|
||
There are two types of search indexes available for the documents in a website's content tree.
Documents type indexes include information from general document fields such as metadata, the text content of certain web parts placed on page (menu item) documents, as well as the selected fields of individual documents types (described in the Settings for particular object types topic). Data from other documents or objects displayed by web parts is not indexed. For example, the content of news documents displayed by a Repeater web part placed on an indexed document will not be added to the index etc.
Documents crawler type indexes directly parse the HTML output generated by documents, which means that all text located on or associated with a document is searchable. This allows document content to be searched more accurately than using a Documents type index. However, building and updating a Documents crawler index may require more time and resources, particularly in the case of large indexes and complex documents. The crawler accesses documents under a specific user account (the administrator account by default). You can set the details of the crawler account by adding keys to your project's web.config file. All keys related to smart search indexes are listed in the Smart search settings section of Appendix B - Web.config parameters.
The process used to define which documents on the site should be indexed is the same for both document index types. Specify allowed or excluded content on the Index tab of the index's editing interface by clicking Add allowed content or Add excluded content respectively.
Allowed content defines which of the website's documents are included in the index. Specify documents using a combination of the following options:
•Path - path expression identifying the documents that should be indexed.
•Document types - allows you to limit which document types are included in the index.
The following properties define types of additional content that you can include in Documents search indexes. They are not available for Documents crawler indexes:
•Include ad-hoc forums - if checked, the index also includes the content of ad-hoc forums placed on the specified documents (if there are any).
•Include blog comments - if checked, the index also includes blog comments posted for the blog post documents.
•Include message boards - if checked, the index also includes message boards placed on the specified documents.

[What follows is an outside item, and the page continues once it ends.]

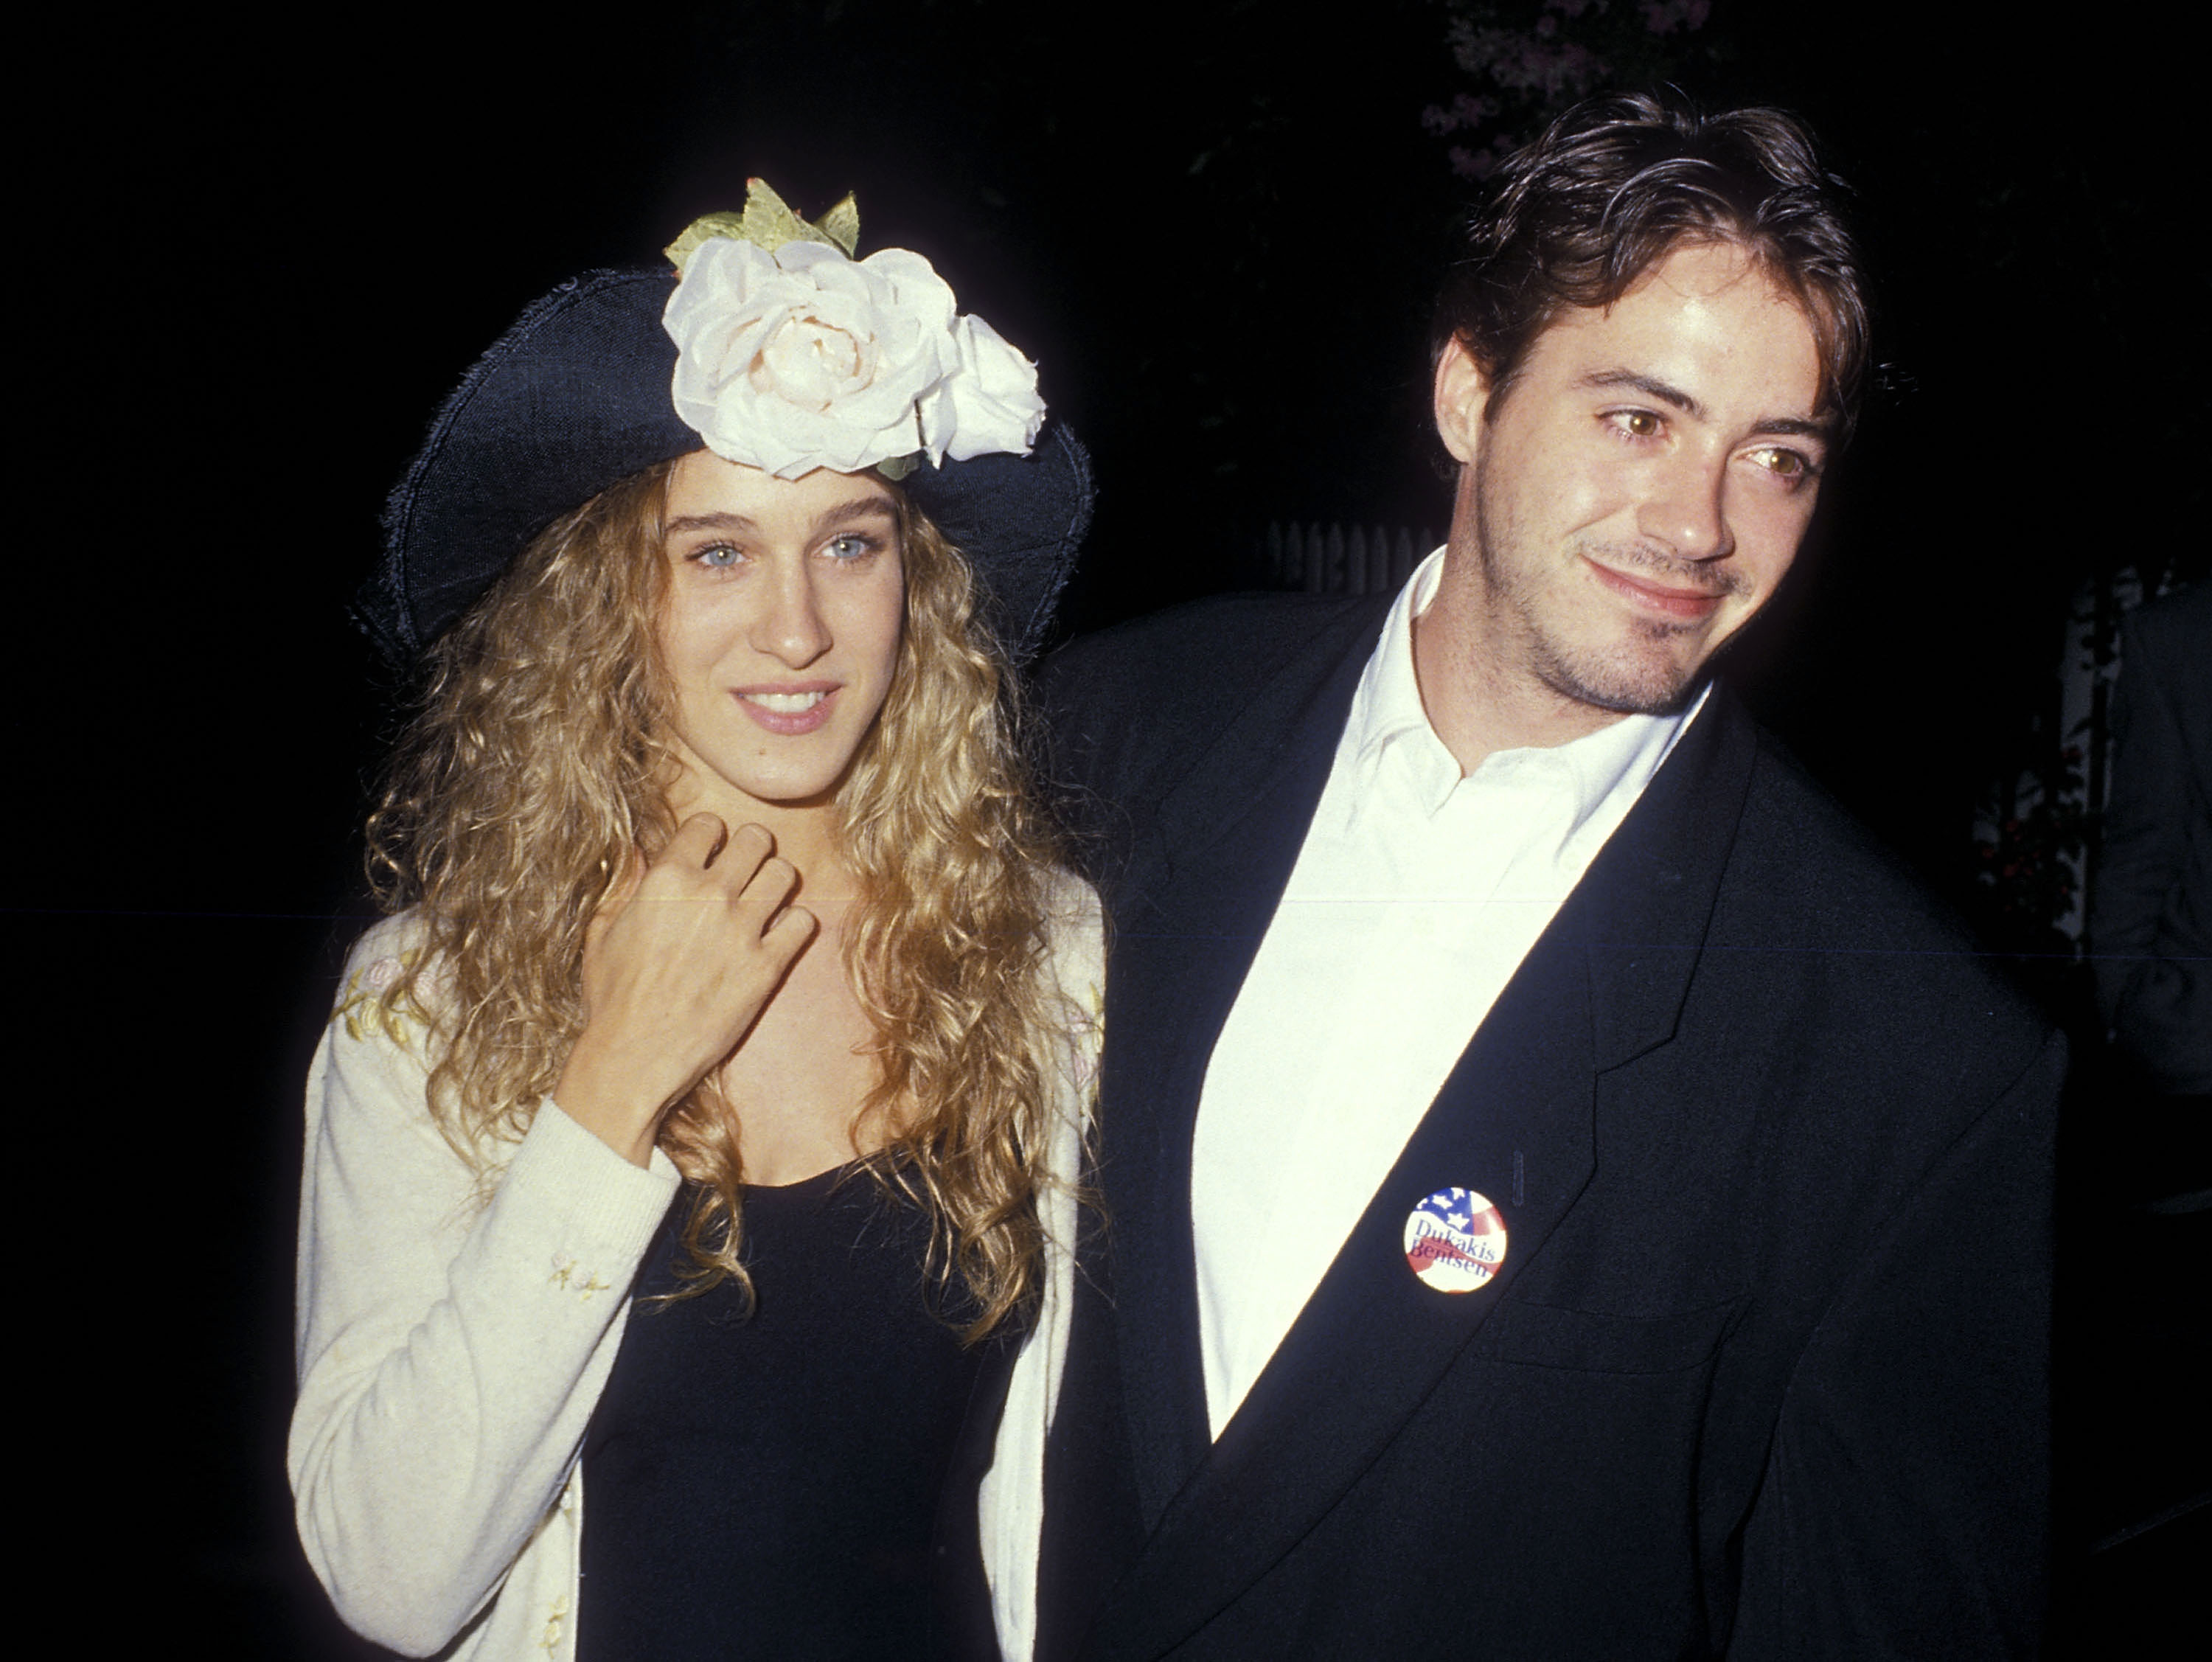 Actress Sarah Jessica Parker and actor Robert Downey, Jr. in 1988

•Include categories - if enabled, the index stores the display names of Categories assigned to the specified documents. This means that the search results also include documents that belong to categories whose name matches the search expression.
Examples:
Allowed content settings |
Result |
•Path: /% •Document types: empty |
Indexes all documents on the site. |
•Path: /Partners •Document types: empty |
Only indexes the /Partners page, without the child pages placed under it. |
•Path: empty •Document types: CMS.News |
Indexes all documents of the CMS.News document type on the entire site.
In this case, an empty path field value is equal the /% expression. |
•Path: /Products/% •Document types: CMS.Smartphone;CMS.Laptop |
Indexes all documents of the CMS.Smartphone and CMS.Laptop document types found under the /Products section. |
Excluded content allows you to remove documents or entire website sections from the allowed content. For example, if you allow /% and exclude /Special‑pages/% at the same time, the index will include all documents on the site except for the ones found under the /Special-pages node.

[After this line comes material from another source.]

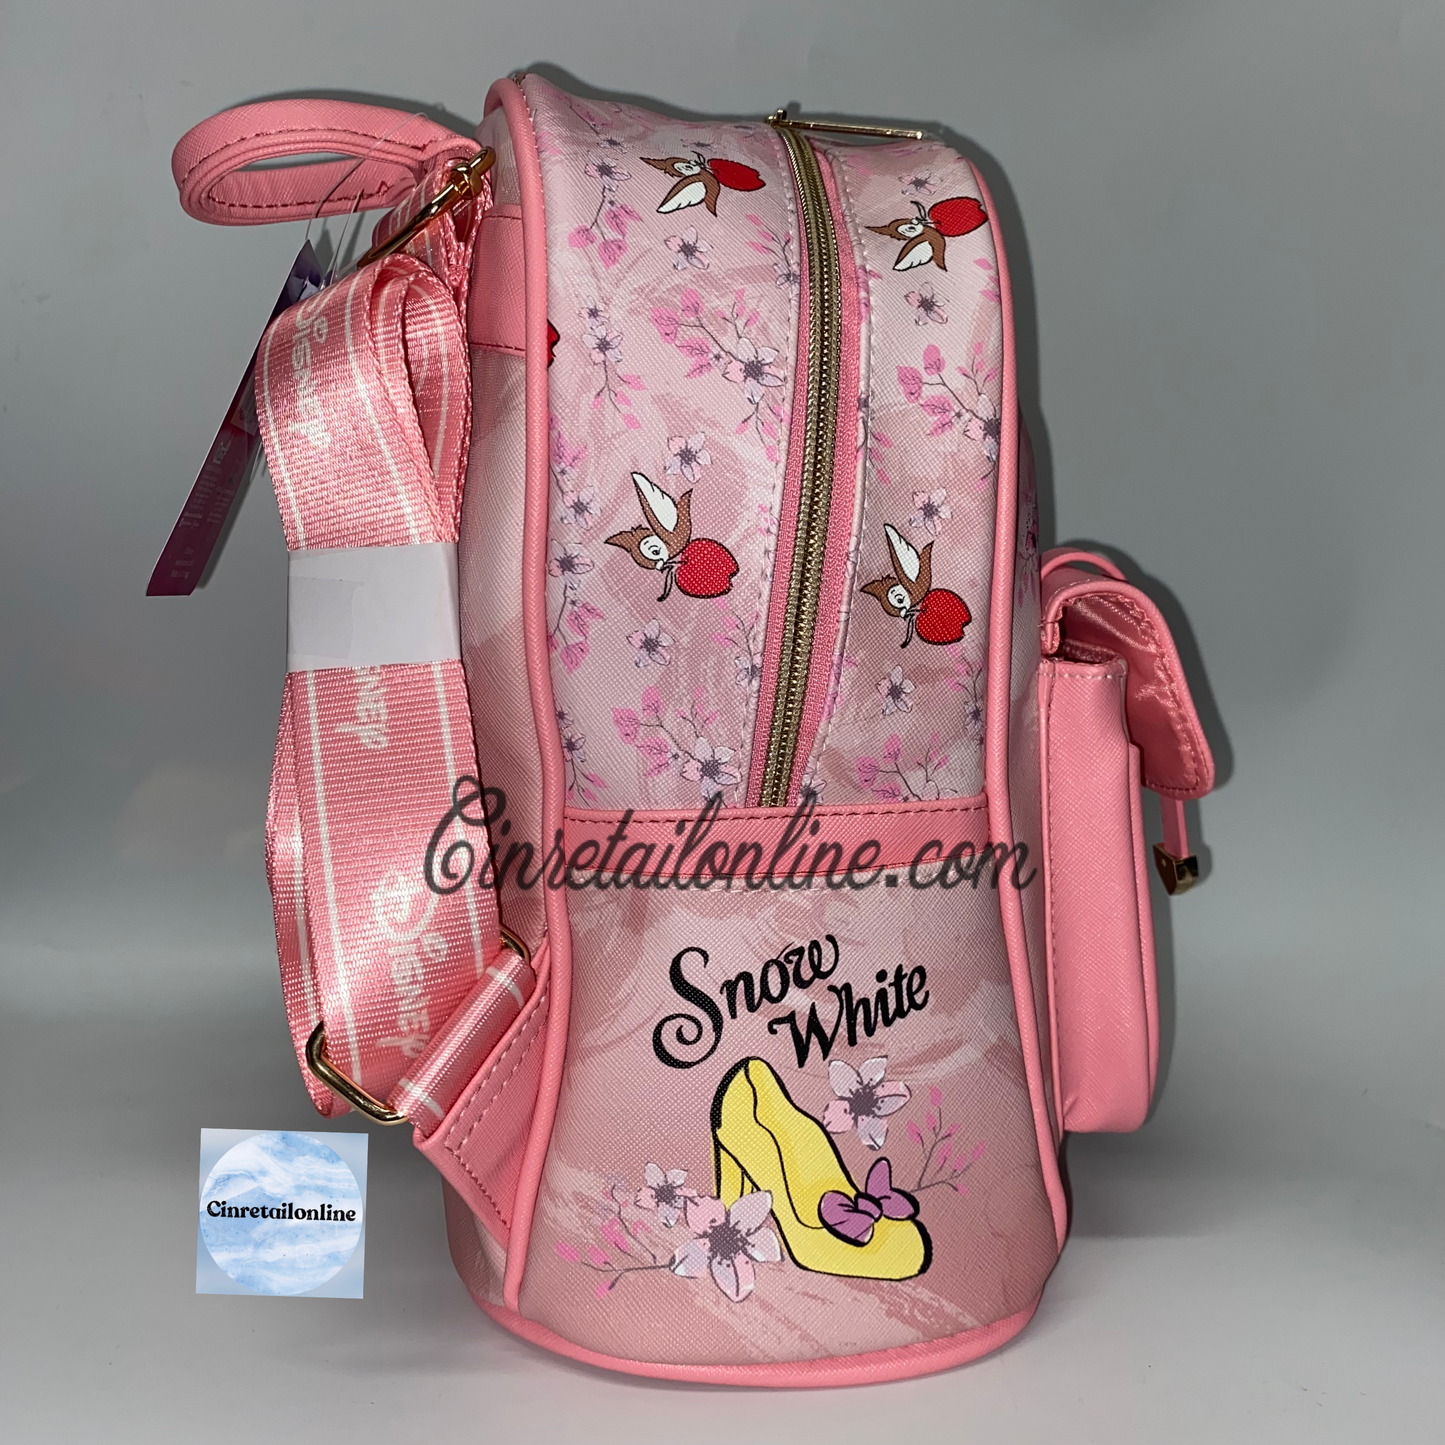 Snow White Disney backpack

You can specify the following options:
•Path - path expression identifying the documents that should be excluded.
•Document types - allows you to limit which document types are excluded from the index.
Examples:
Excluded content settings |
Result |
•Path: /Partners •Document types: empty |
Excludes the /Partners page from the index. Child pages are not excluded. |
•Path: empty •Document types: CMS.News |
Excludes all documents of the CMS.News document type from the index.
In this case, an empty path field value is equal the /% expression. |
•Path: /Products/% •Document types: CMS.Smartphone;CMS.Laptop |
Excludes all documents of the CMS.Smartphone and CMS.Laptop document types found under the /Products section from the index. |
|
Excluding individual documents from all indexes
You can also exclude specific documents from all smart search indexing:
1. Go to CMS Desk and select the given document in the content tree. 2. In Edit mode, open the Properties -> Navigation tab. 3. Enable the Exclude from search property. 4. Click Save.
|
By default, the system converts the HTML output of documents to plain text (stripped of all HTML tags, JavaScript and whitespace formatting) before saving it to document crawler indexes. If you wish to index the content of any tags or exclude parts of the page output, you can customize how the crawlers process the HTML.

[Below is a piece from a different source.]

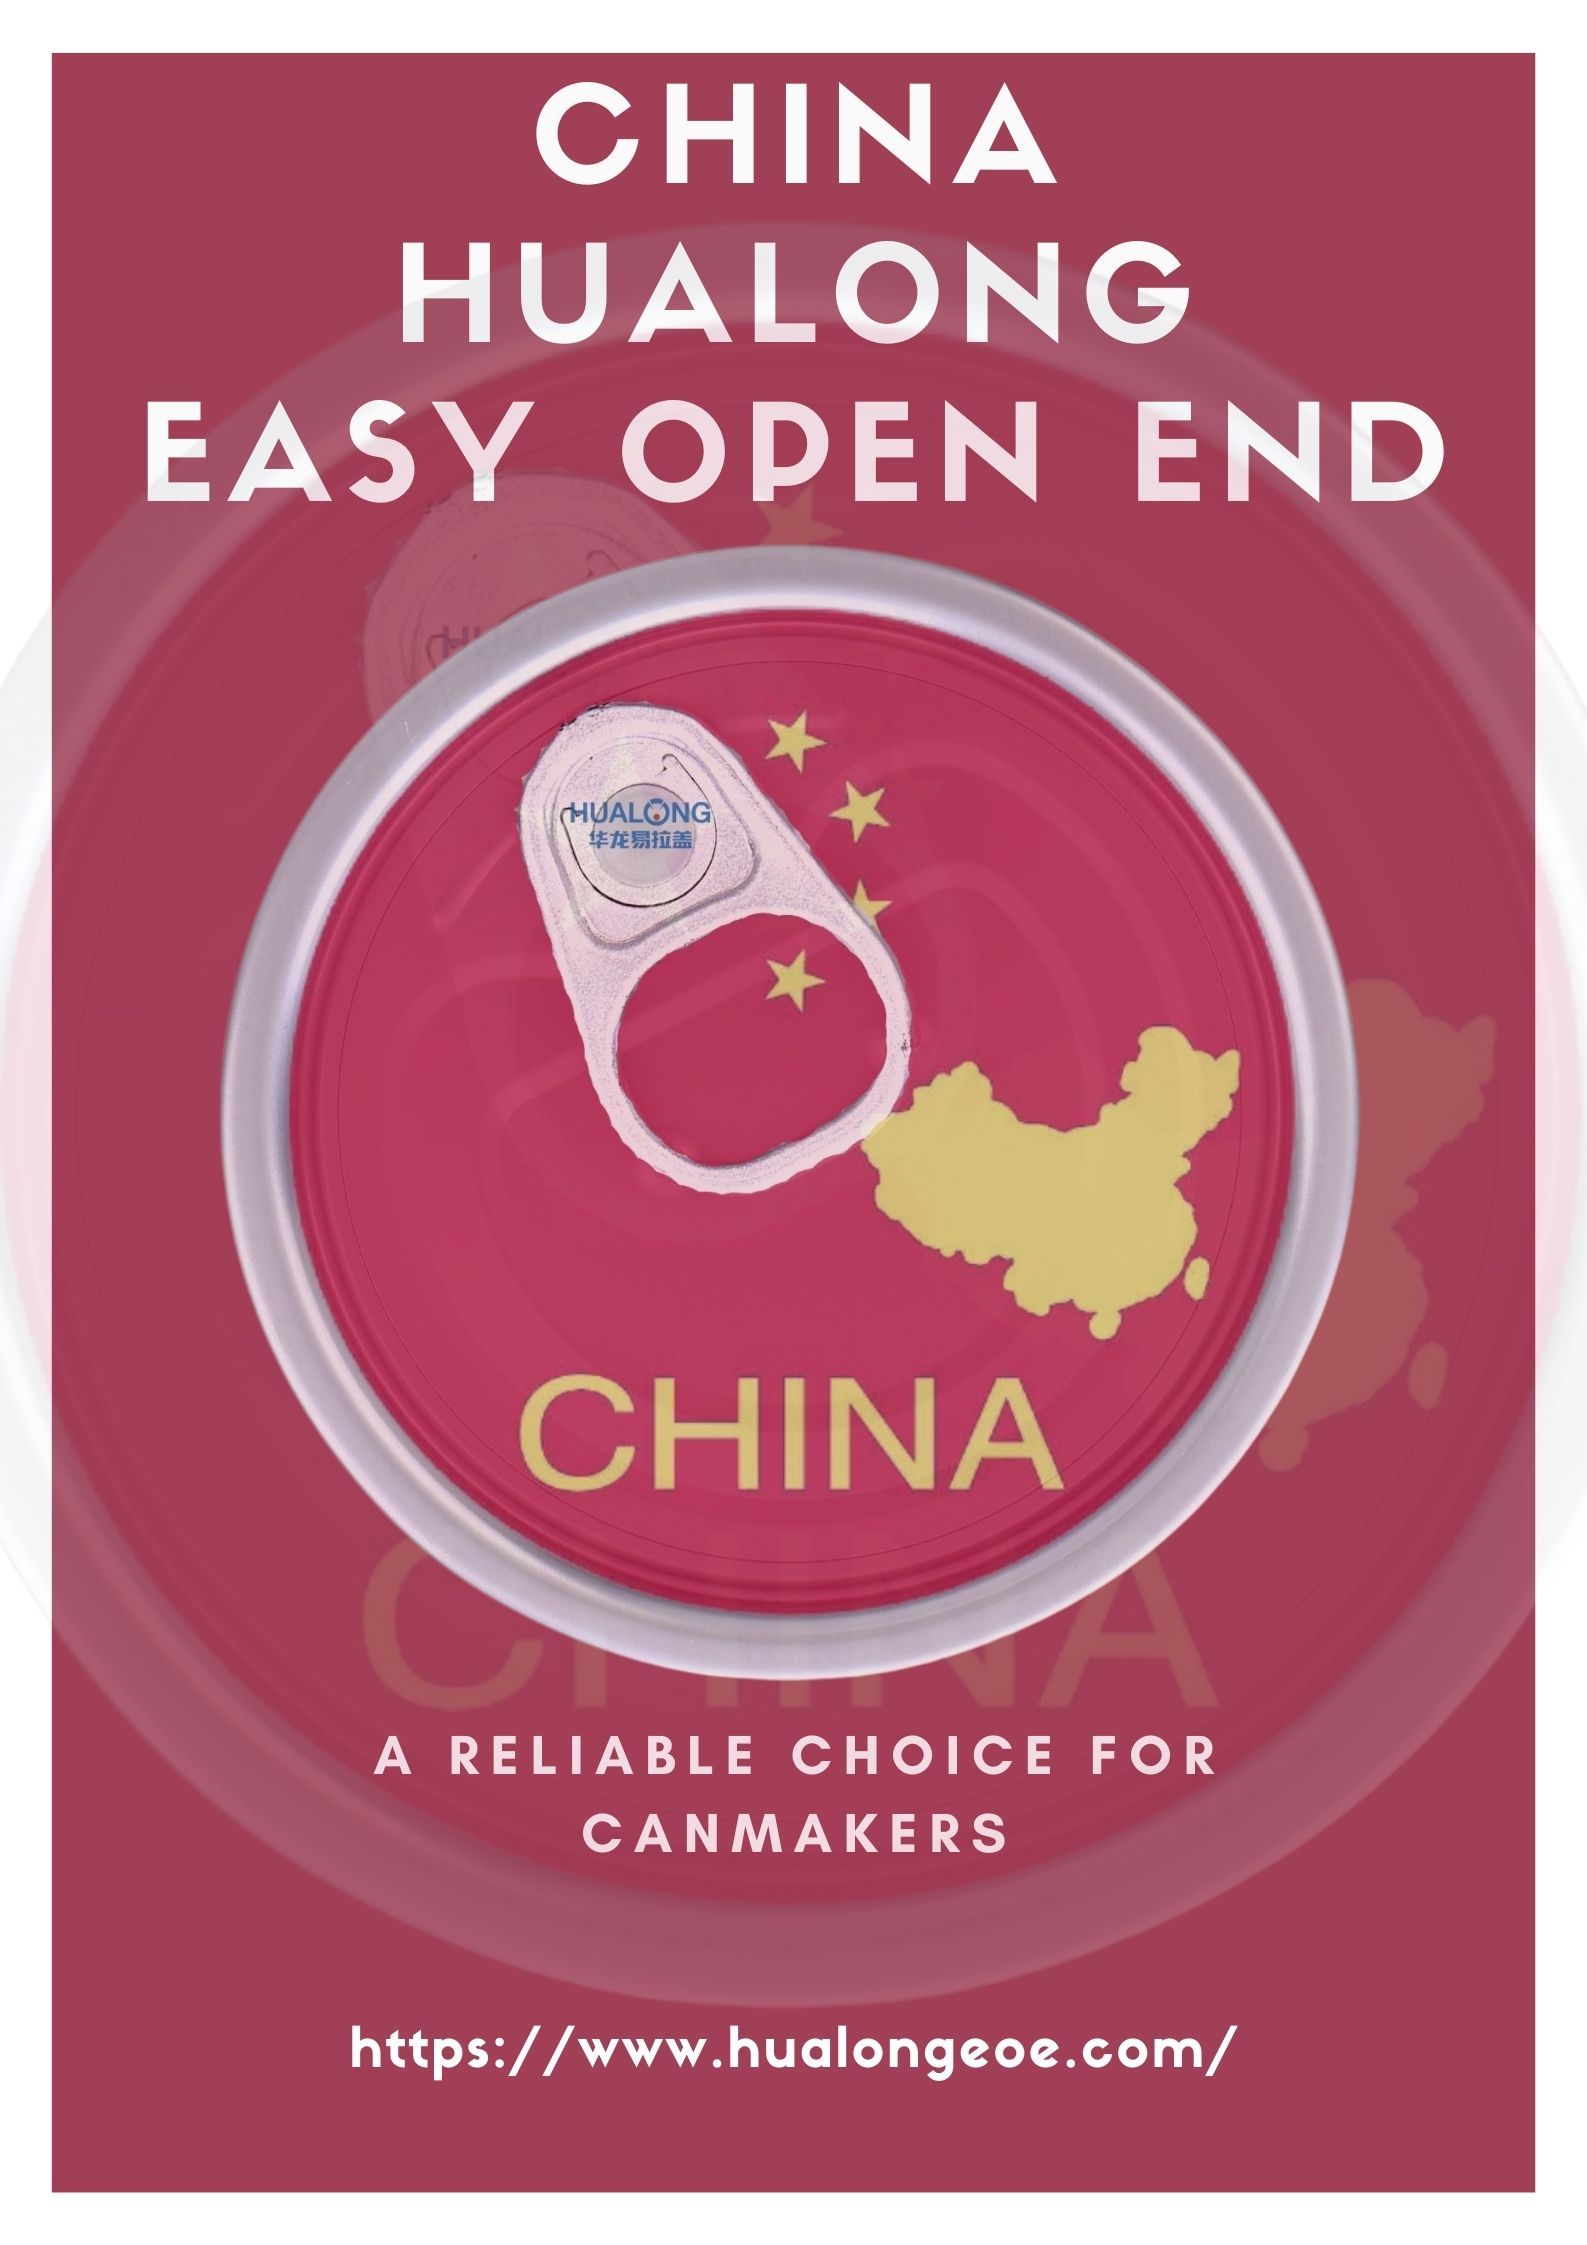 I-Hualong Easy Open End: UKhetho oluthembekileyo lweeCanmakers

You need to implement your custom functionality in a handler for the OnHtmlToPlainText event of the CMS.SiteProvider.SearchHelper class. This event occurs whenever a document search crawler processes the HTML output of a page.
To assign a method as the handler for the OnHTMLToPlainText event, add a new class to the ~/App_Code folder of your web project (or ~/Old_App_Code on web application installations). You can define the content of the class as shown below:
[C#]
using CMS.SettingsProvider; |
The OnHTMLToPlainText event provides the following string parameters to the handler:
•plainText - contains the page output already stripped of all tags and converted to plain text.
•originalHTML - allows you to access the raw page code without any modifications.